Data segment:

────────────────────────────────────────

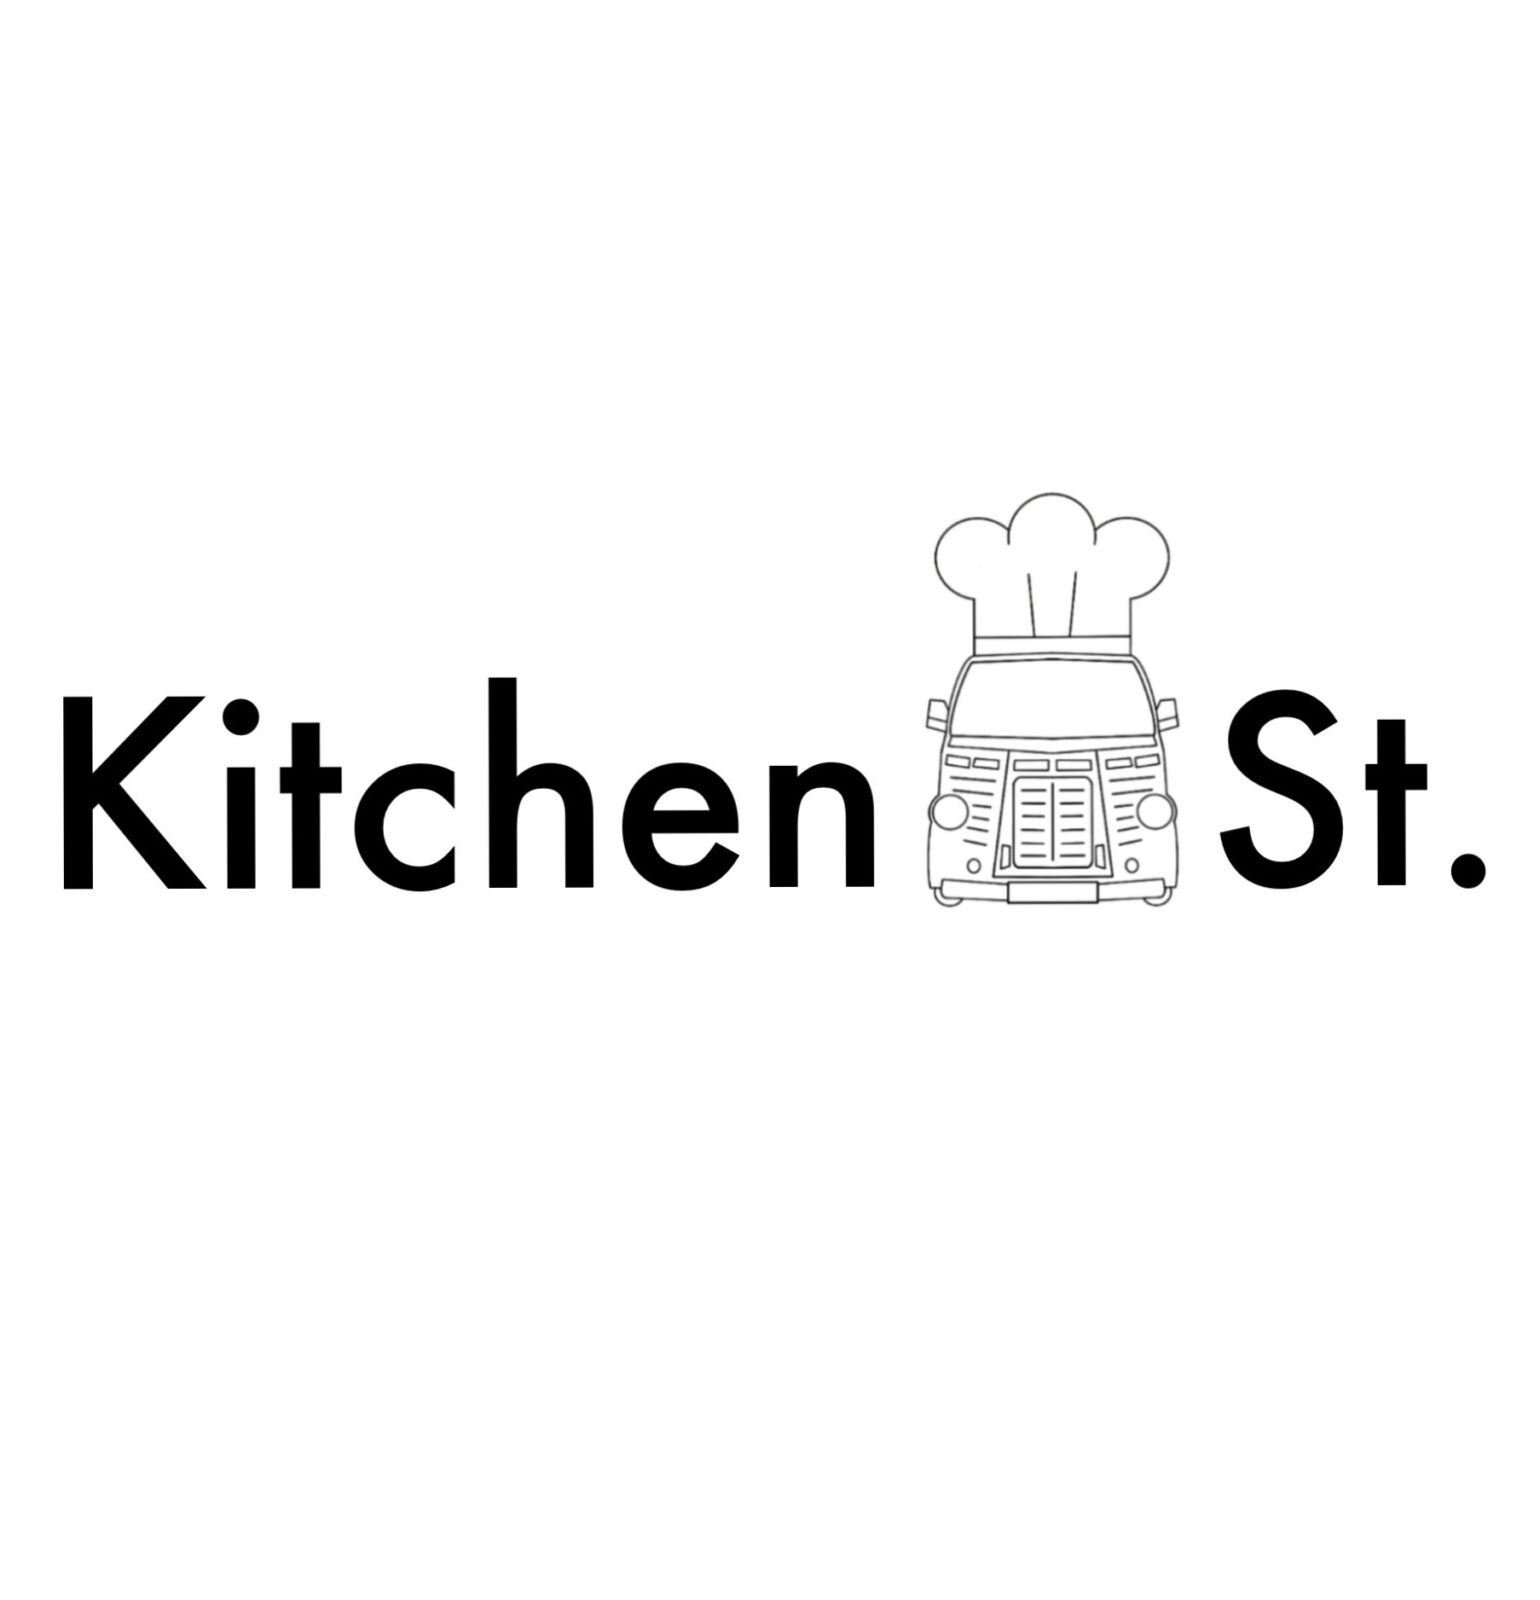 キッチンカーロゴ
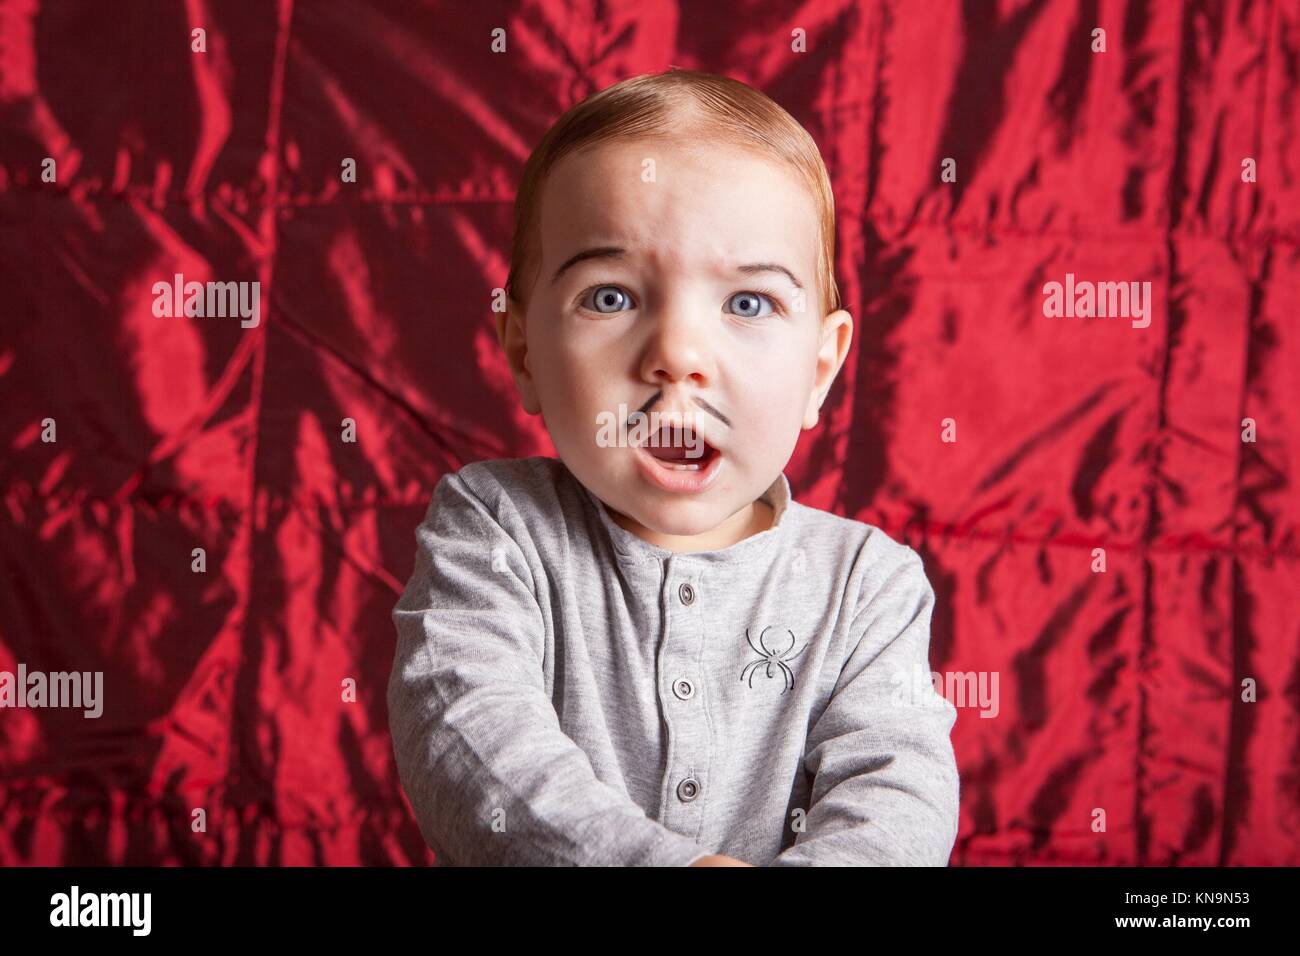 Porträt eines kleinen Jungen verkleiden sich für Halloween Party. Er hat einen überraschten Ausdruck. Stockfoto
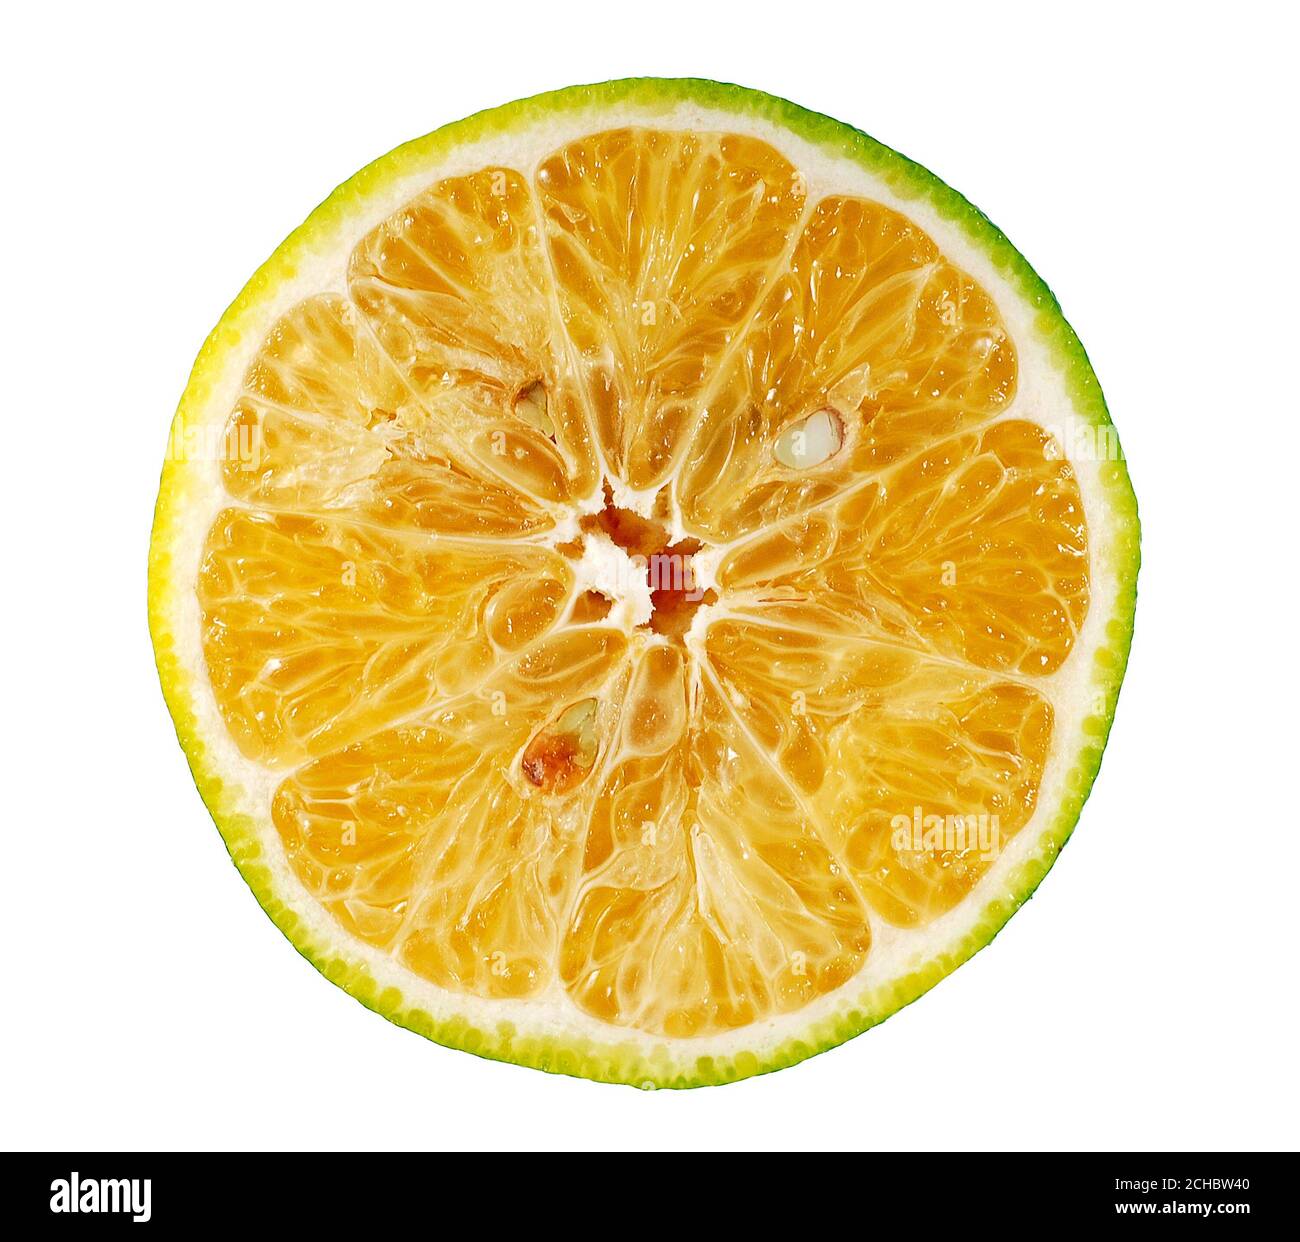 Calamansi or Green orange fruits isolated on white background Stock Photo

────────────────────────────────────────

Task directions:
The task calls for duplicating the data exactly, with no images kept.

Solution for this problem:
 キッチンカーロゴ
 Porträt eines kleinen Jungen verkleiden sich für Halloween Party. Er hat einen überraschten Ausdruck. Stockfoto
 Calamansi or Green orange fruits isolated on white background Stock Photo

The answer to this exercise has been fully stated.